RICHMOND, Va. -- David Jones always insisted on sitting at the head of his family's dinner table.
"This was always his chair to sit in," Jones' daughter, Tracey Pompey, said while showing his chair.
Jones didn't like the chair because he wanted to be in charge, but, instead, because he liked the view.
"He liked this chair because it gave him the front view of the door and he always used to tell us that, right ma," Pompey said.
Now that chair sits empty, and Jones' ashes rest atop the mantel.
"You're at peace now, no more worries, just peace," Jones' wife, Margaret, said while looking at the mantel.
Jones died on October 13, 2015 at the age of 71.
His death still haunts his wife and daughter.
"None of us know if it was really his time," Pompey said
Five days before his death, Jones went to Glenburnie Rehabilitation and Nursing Center for rehab on his leg after a stroke.
"We were like great, that's good, they're going to get him all straight, and he will be ready to come home," Pompey said.
But, Jones never came back home.
"It blindsided us," Pompey said.
According to state and federal inspection records, Jones complained of abdominal pain at 3:26 p.m. on October 12.
An X-ray was ordered, which revealed an ileum type pattern, which is a serious condition affecting the bowels.
The doctor ordered milk of magnesia, a probiotic, and anti-nausea medicine.
But, between 8 and 9 p.m. that night, according to the inspection records, a nurse said that Jones vomited a substance with a faint stool odor.
That nurse claimed a doctor was called and his vitals were checked.
That's where his daughter alleges the facility made its first mistake.
"We weren't told that ahead of time, we weren't called and told he had been vomiting stool," Pompey said.
She said her mom, who was her dad's responsible party, was never notified of her dad's change in condition, and the inspection reports show that too.
"We would have been up there, we would have been up there right away and demanded he go to the hospital," Pompey said.
Inspection records show Jones, again, vomited something brown colored with a faint stool odor around 10:30 or 11 p.m.
But, once again, he was not sent to the hospital.
"Vomiting stool is not OK by any means," Pompey said.

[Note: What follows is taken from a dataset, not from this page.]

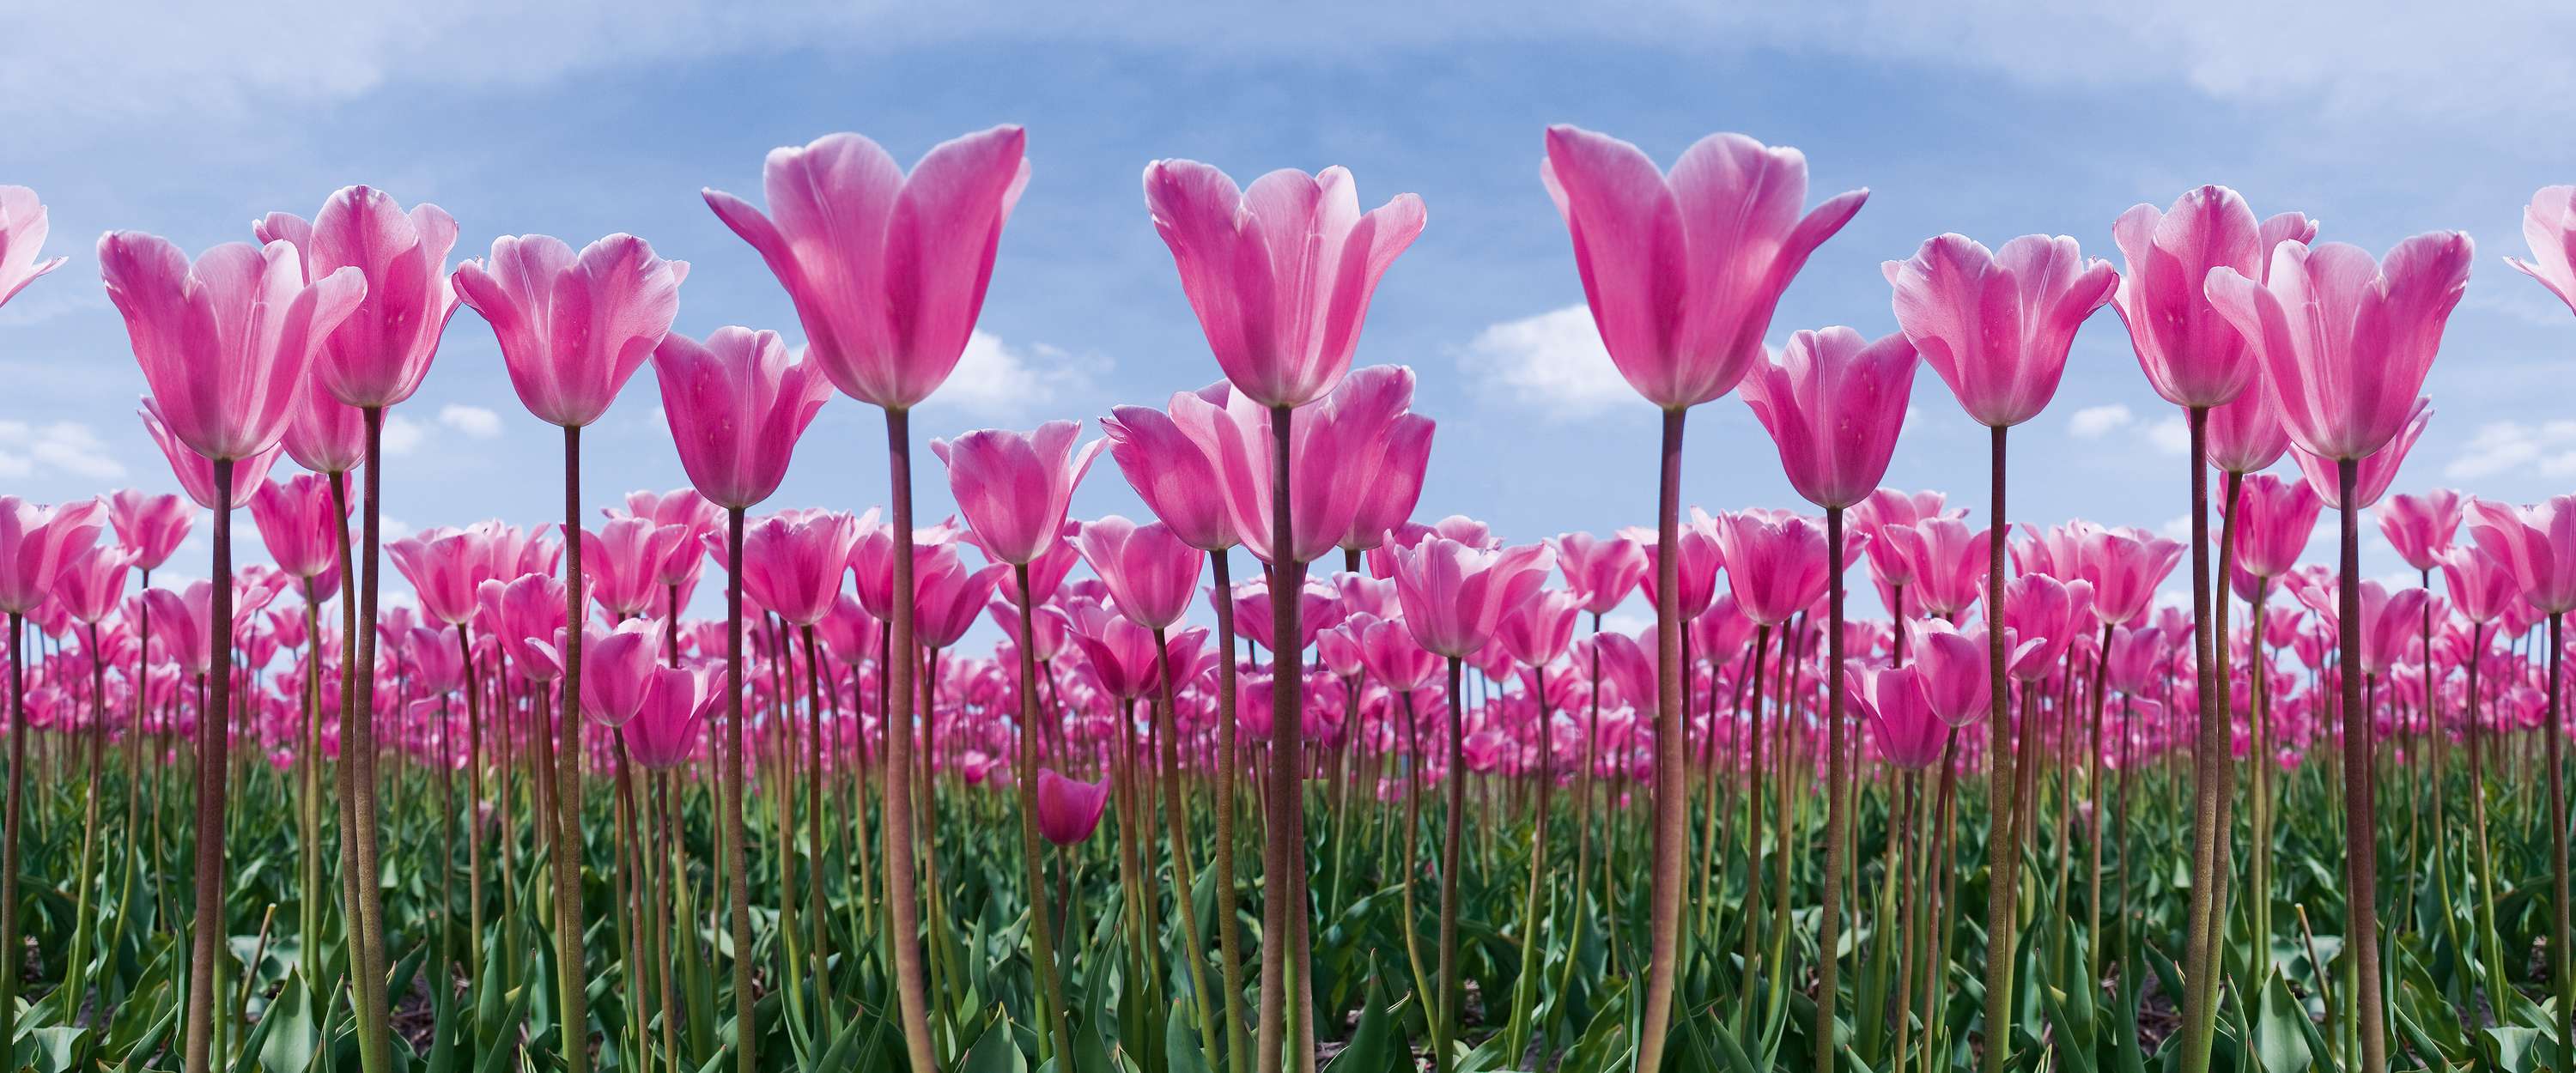             Campo di tulipani - Fiori con tulipani rosa carta da parati

Records show the on-call doctor told investigators he could not remember exactly if he was informed that Jones was vomiting stool.

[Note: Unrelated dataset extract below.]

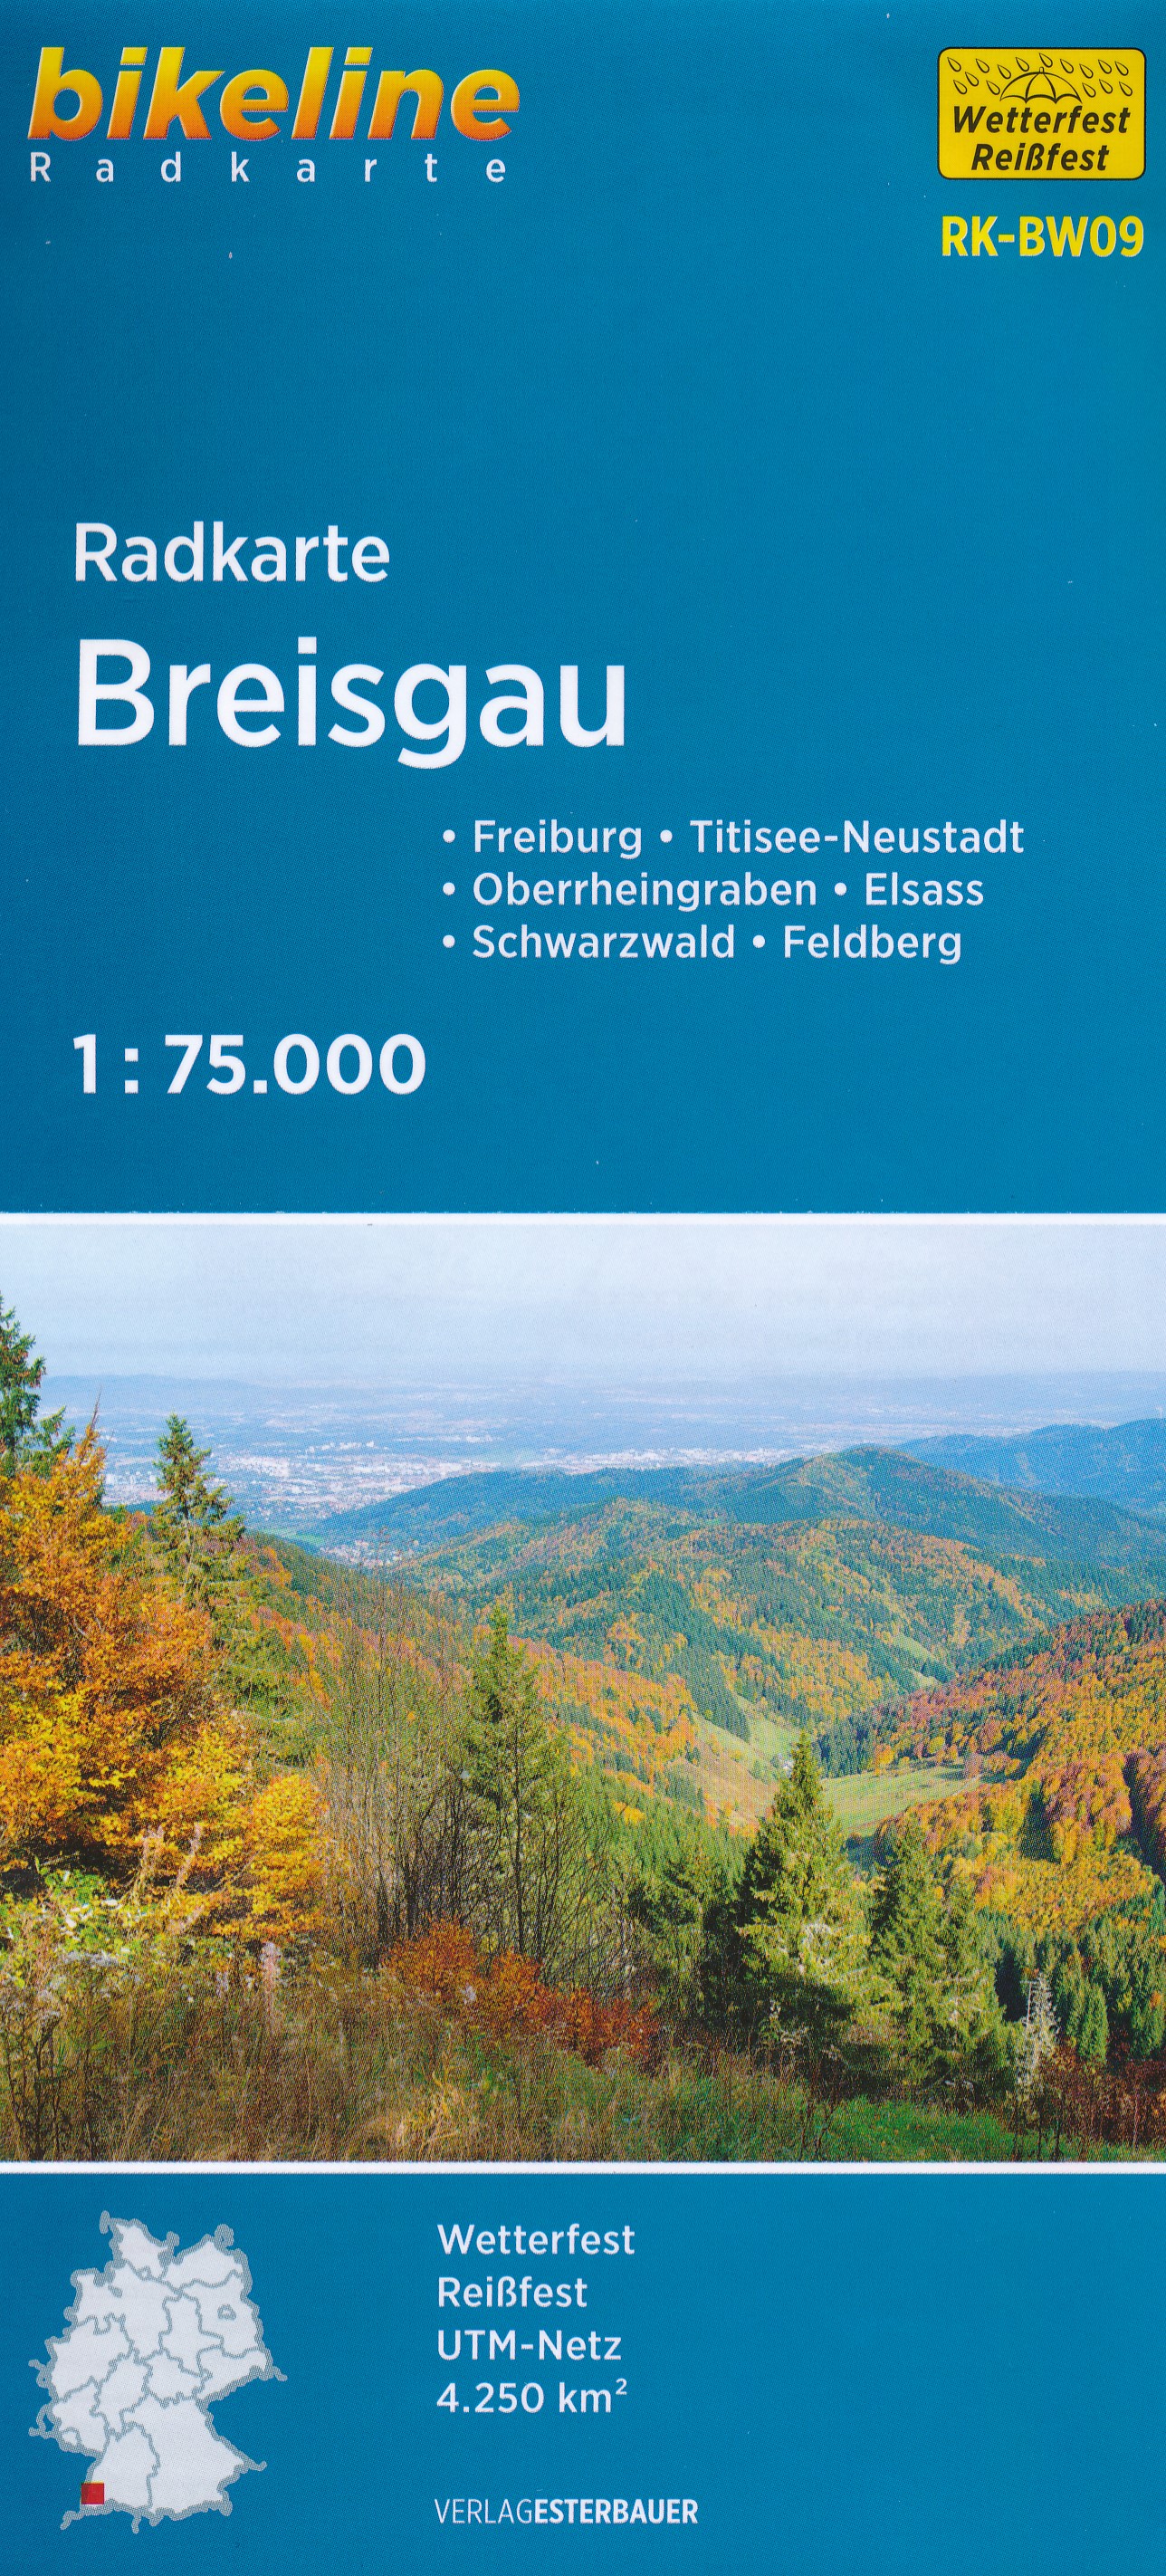 Online bestellen: Fietskaart BW09 Bikeline Radkarte Breisgau | Esterbauer

He said if he had known, he would definitely have sent him to the hospital.
Finally, around 1:20 or 2 a.m., when Jones again vomited something brown with a stool odor, the on-call doctor ordered that he be sent to the hospital.
Jones never made it there.
"We sat here waiting, and I just broke out crying and hollering oh my god," Margaret Jones said.
Inspection records show EMTs found Jones at 2:50 a.m. face down on the floor of his room.
He died a short time later when his heart stopped beating.
"We don't believe anybody took his condition seriously," Pompey said.
The family ended up filing a complaint, which led to a joint state and federal inspection.
Those records show that investigators found Glenburnie staff failed to notify the doctor in a timely manner when the resident vomited stool, which resulted in a delay in treatment.
Inspectors cited Glenburnie for non-compliance five times.
Some of those citations pertained to other residents at the facility.
"The investigator went in and they validated all of our complaints," Pompey said.
According to the state, Glenburnie submitted a plan of correction and when inspectors went to re-evaluate a couple of months later, they cleared all of the deficiencies.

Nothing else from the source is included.